At present, no relevant reports are found in researches on chemical components, pharmacological activity, product development and the like of cones, and the early stage of qualitative pre-experimental detection shows that the leaves of the cones contain polyphenol components, so that the health-care and beauty-care cones have a high prospect of being developed into health-care and beauty-care products with an antioxidant function. Gallic Acid (GA for short), its chemical name is 3,4, 5-trihydroxybenzoic Acid, and its molecular formula is C7H6O5It is also known as gallic acid and gallic acid, and is an organic acid, commonly found in gallnut, sumac, tea and other plants, and widely used in chemical, pharmaceutical, food and electronic industries, etc.
In the prior art, the preparation method of the gallic acid mainly uses organic solvent or aqueous solution to add acid for extraction, and the separation and purification adopts macroporous adsorption resin purification and anion-cation resin decoloration or activated carbon decoloration and the like to be combined, and has the defects that: the yield and purity are not high. In addition, no report about the extraction and purification process of gallic acid in cone or the extraction and purification process after enzymatic hydrolysis exists in the prior art, and no report about the separation and purification of gallic acid by adopting a high-purity ethanol system elution system when the gallic acid is purified by gel column chromatography is reported.
In view of the above, there is a need to provide a method for preparing high content gallic acid from cone, which provides a new source of gallic acid and overcomes the shortcomings of the prior art.
Disclosure of Invention
One of the purposes of the invention is to provide a preparation method of high-content gallic acid.

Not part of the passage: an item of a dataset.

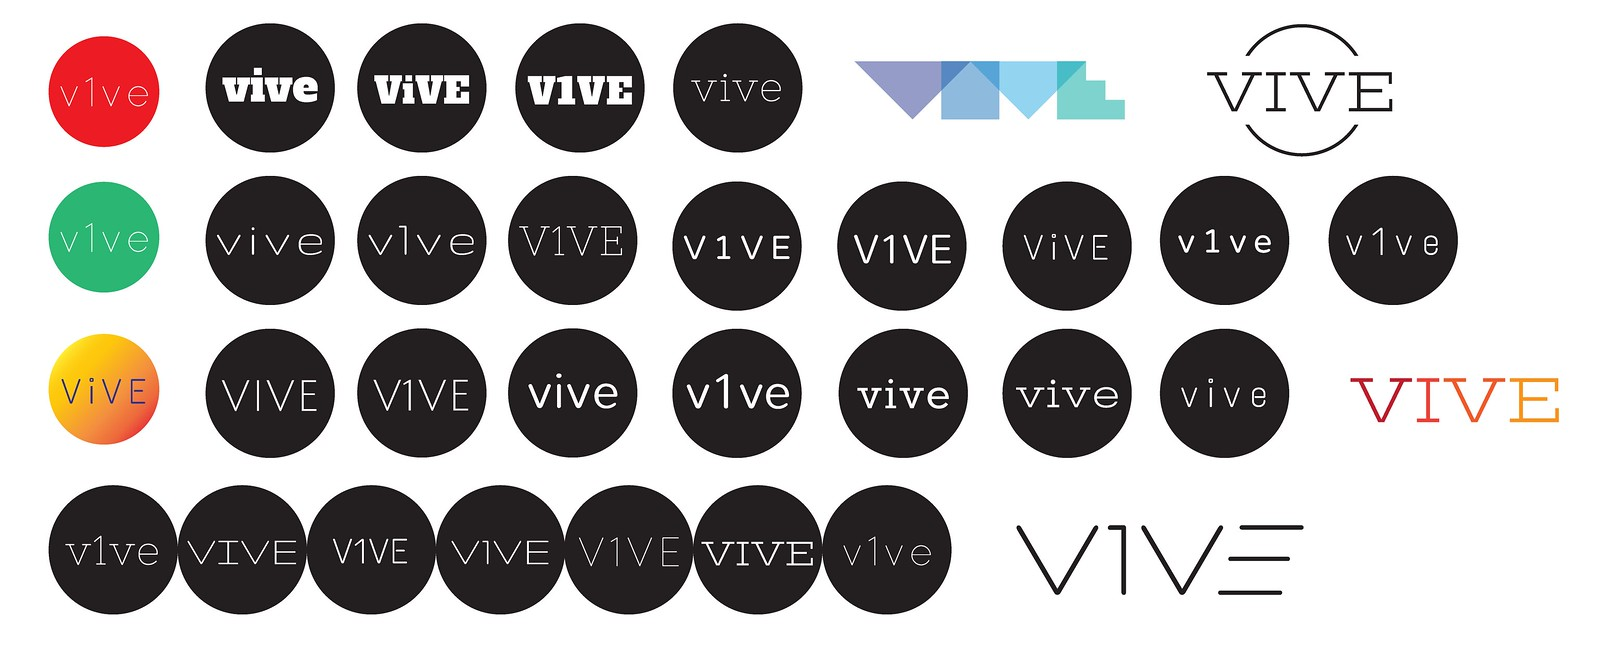 Vive - Typography Study

The technical scheme for solving the technical problems is as follows: a preparation method of high-content gallic acid comprises the following steps:
step 1: preparation of Gallic acid extract
Taking folium Coni Cone powder, adding polar solvent, and performing ultrasonic extraction to obtain gallic acid extractive solution;
and 2, step: preparation of gallic acid-rich extract
Performing enzymolysis on the gallic acid extract obtained in the step 1, and concentrating to obtain an extract rich in gallic acid;
and step 3: preparation of high content of gallic acid
Extracting the gallic acid-rich extract obtained in the step 2 by using ethanol to obtain an extract liquor; passing the extract through gel column chromatography, performing gradient elution, collecting gallic acid-containing component, concentrating until crystals are separated out, cooling for crystallization, vacuum filtering to collect white crystals, and drying to obtain high-content gallic acid.
The principle of the preparation method of the high-content gallic acid is as follows:
in step 1 of the present invention, gallic acid and gallic acid group-containing compounds in the cone leaf powder are extracted.
In step 2 of the invention, the gallic acid group-containing compound is subjected to enzymolysis to generate gallic acid and mother nucleus.
In step 3 of the invention, the impurities are separated and the gallic acid is enriched by utilizing the principle of a molecular sieve and separating the impurities through column chromatography in an ethanol solvent system.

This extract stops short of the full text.